While epinephrine autoinjectors have been the standard of care for the out-of-hospital treatment of anaphylaxis, their use has been associated with potential cardiovascular risks including intravascular injection, resulting in rapid increases in blood pressure and pulse rate. ARS Pharmaceuticals, Inc conducted a clinical trial designed to assess the pharmacokinetics and pharmacodynamics of ARS-1, an intranasal epinephrine spray in development, compared to EpiPen in subjects with a documented history of seasonal allergies. During the conduct of this study, a presumed intrablood vessel injection following EpiPen administration by a medical professional was observed in a female subject. The subject reported palpitations within 1 minute of receiving EpiPen injection; at 4 minutes postinjection, blood pressure was 221/128 mmHg (baseline 118/79), and pulse rate was 71 (baseline 56).
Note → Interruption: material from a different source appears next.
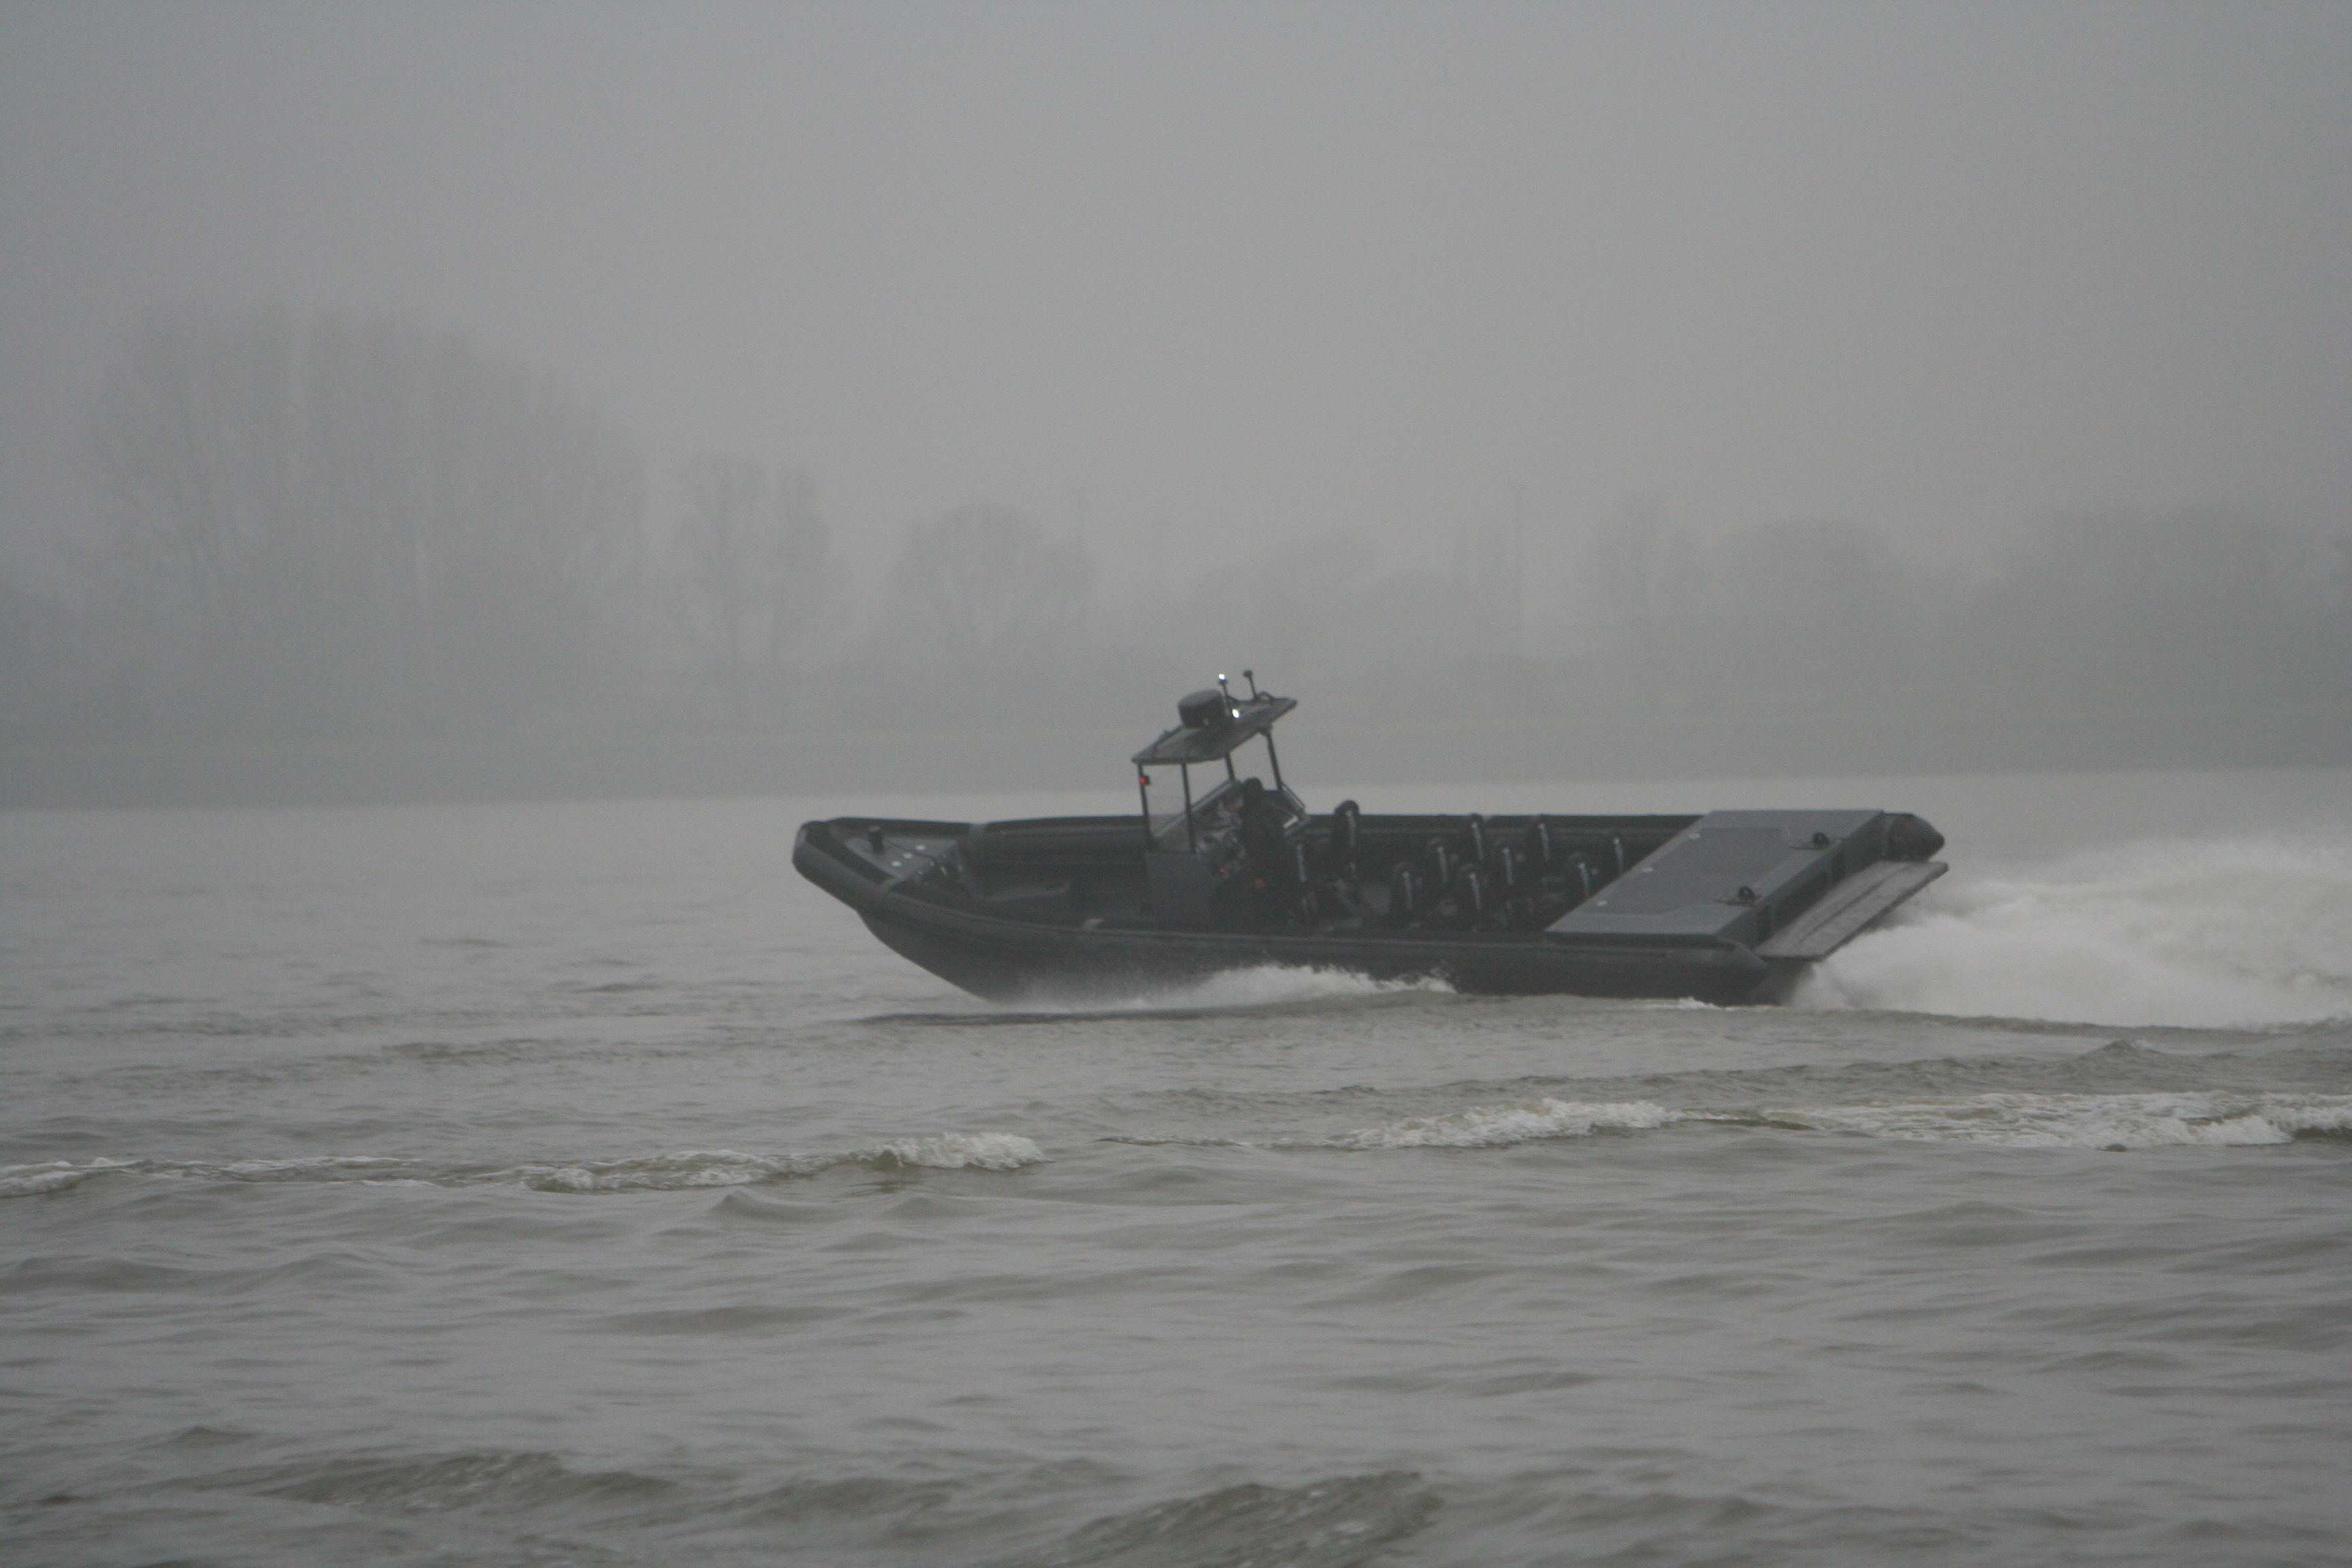 https://www.m-ribs.eu/wp-content/uploads/MRCD1250-Military-3-x-315HP-720x340.jpg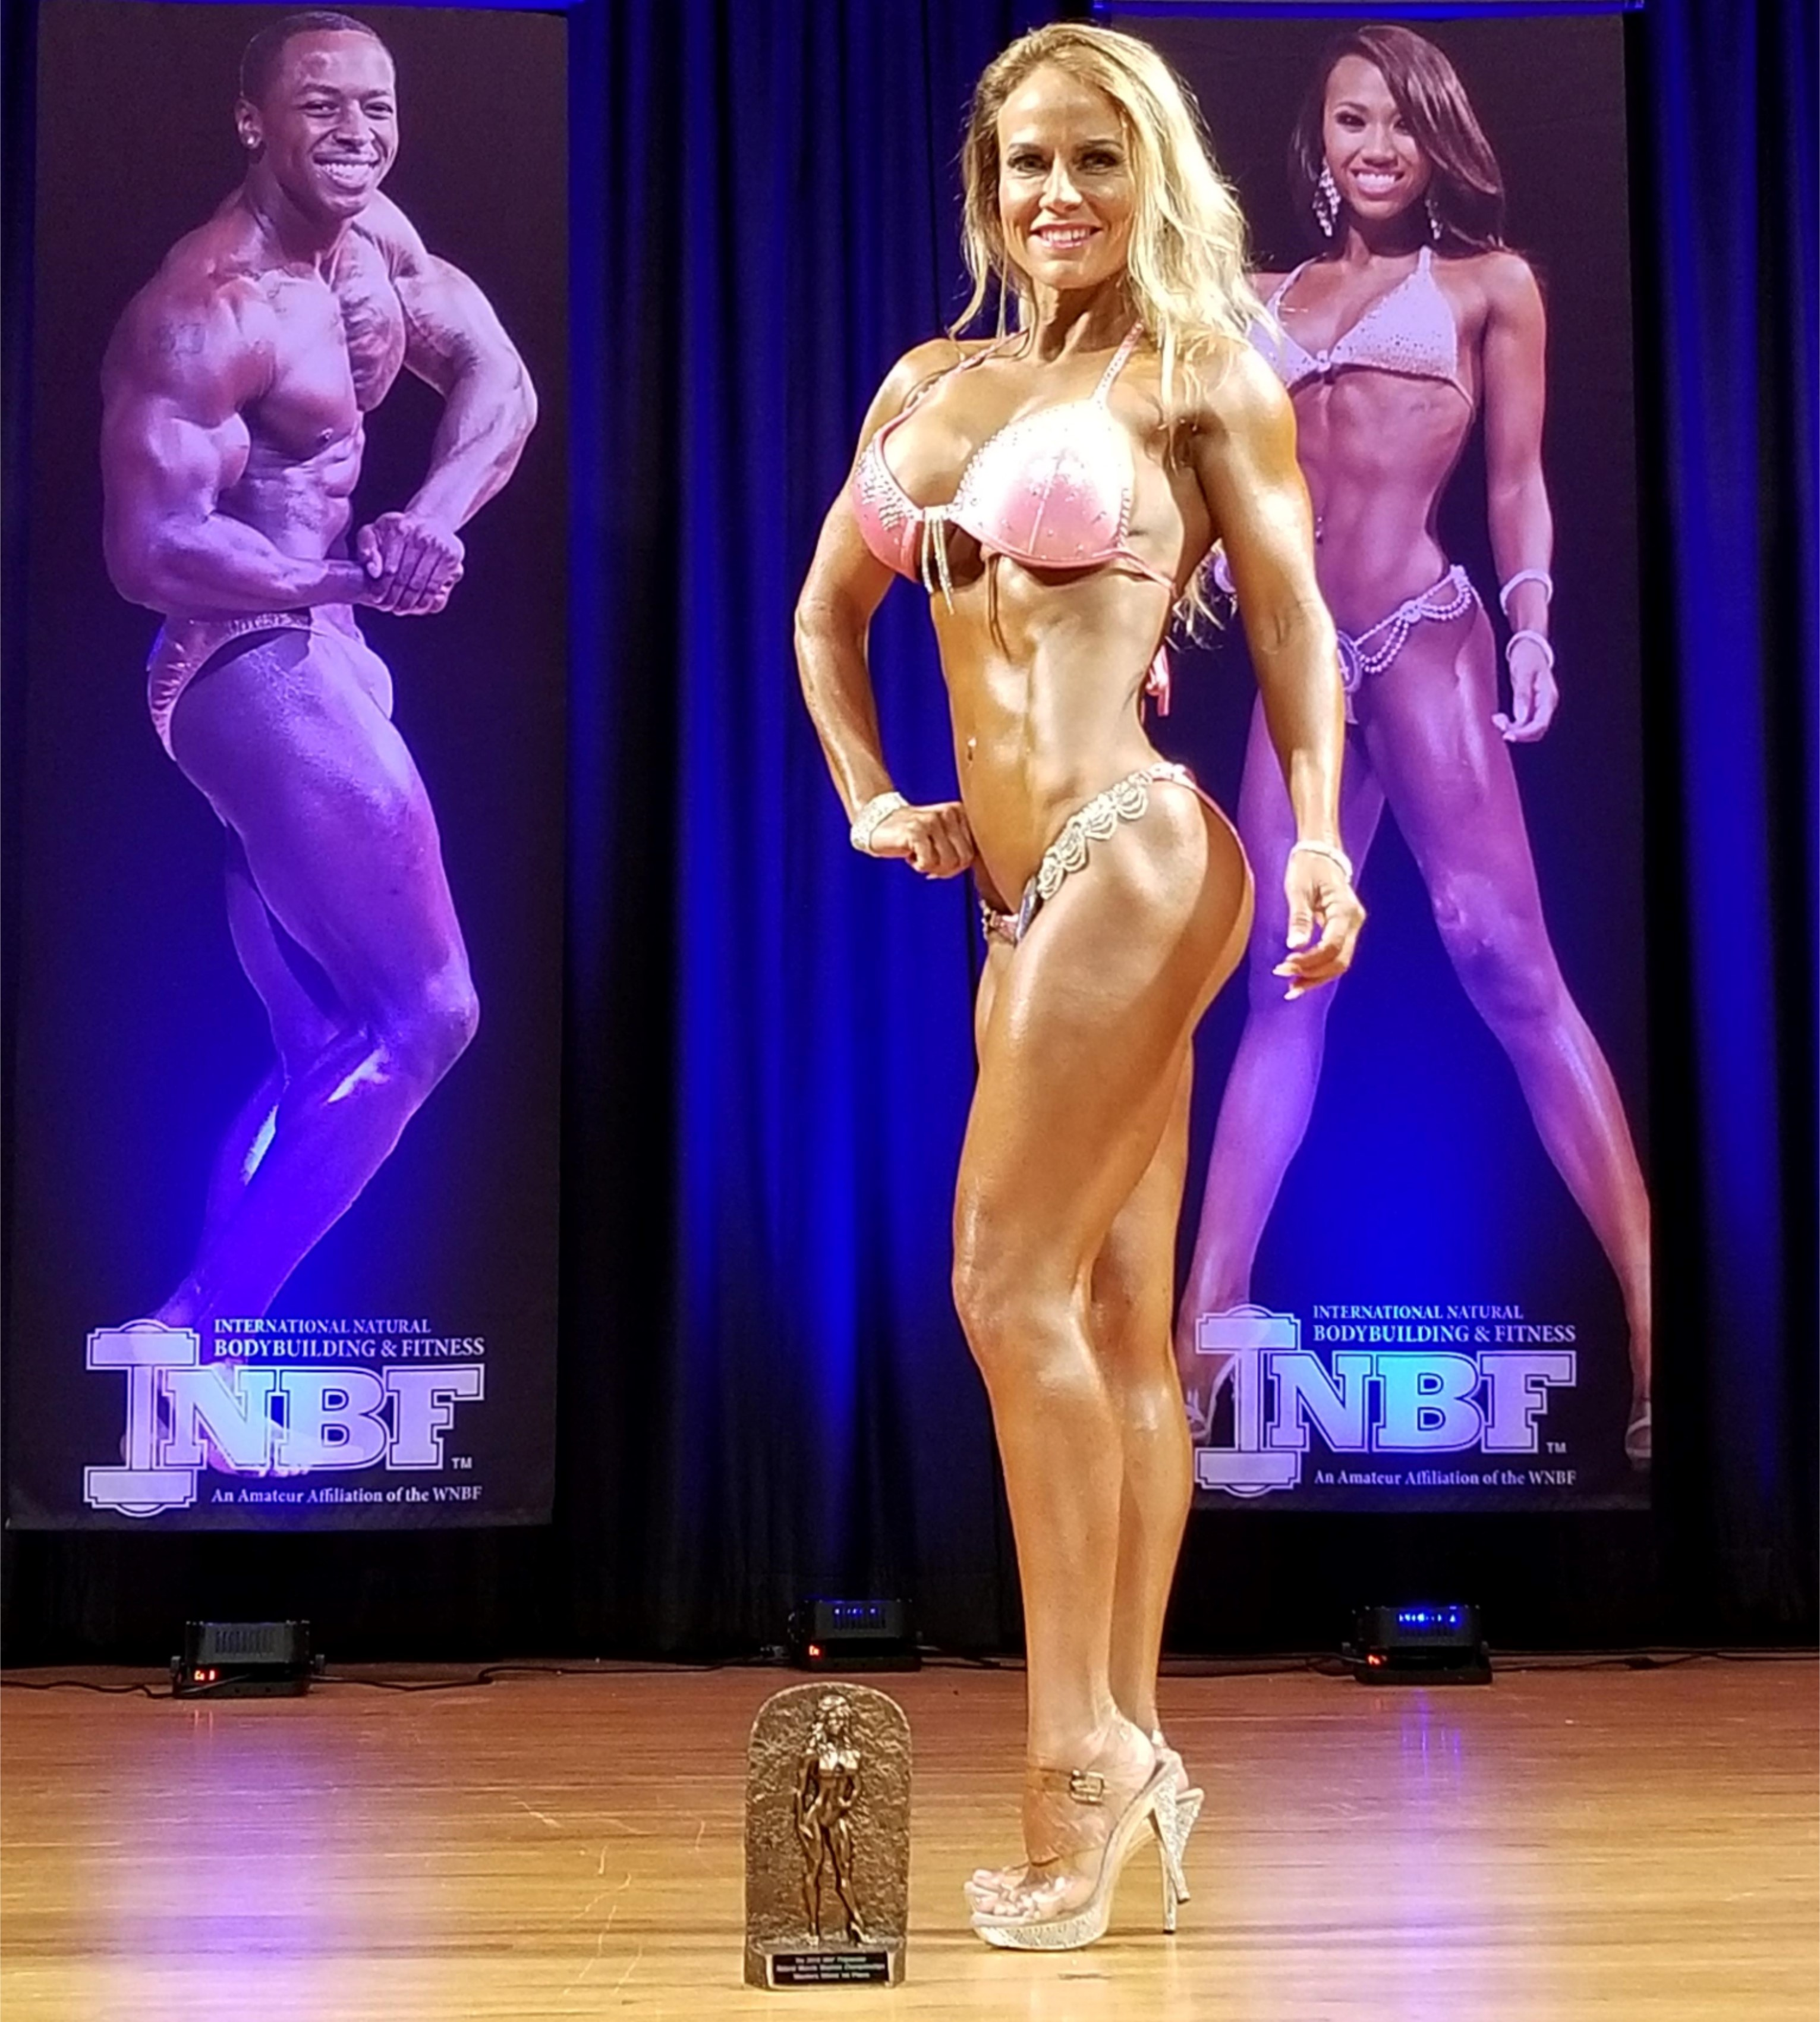 Heather Rosario Bikini Champion INBF Polynesian Natural Muscle Mayhem WNBF Pro Qualifier Hi Fit Expo Oahu Hawaii

In contrast, across all subjects (N = 36) the mean maximum increases in systolic blood pressure, diastolic blood pressure, and pulse rate were 12.0 mmHg, 2.8 mmHg, and 16.3 bpm, respectively. When this subject was removed from the pharmacokinetic analysis, the mean epinephrine C of the remaining subjects was 801.1 pg/mL after administration of EpiPen; however, at 4 minutes postinjection this subject had a plasma epinephrine level of 4390 pg/mL, a >6.3-fold increase, illustrating the risks that may be associated with out-of-hospital epinephrine injections that are included as warnings in the product labeling. Despite the potential risks associated with accidental intravessel injection, it is important to note that intramuscular administration of epinephrine is currently the best currently available out-of-hospital treatment for severe allergic reactions and anaphylaxis.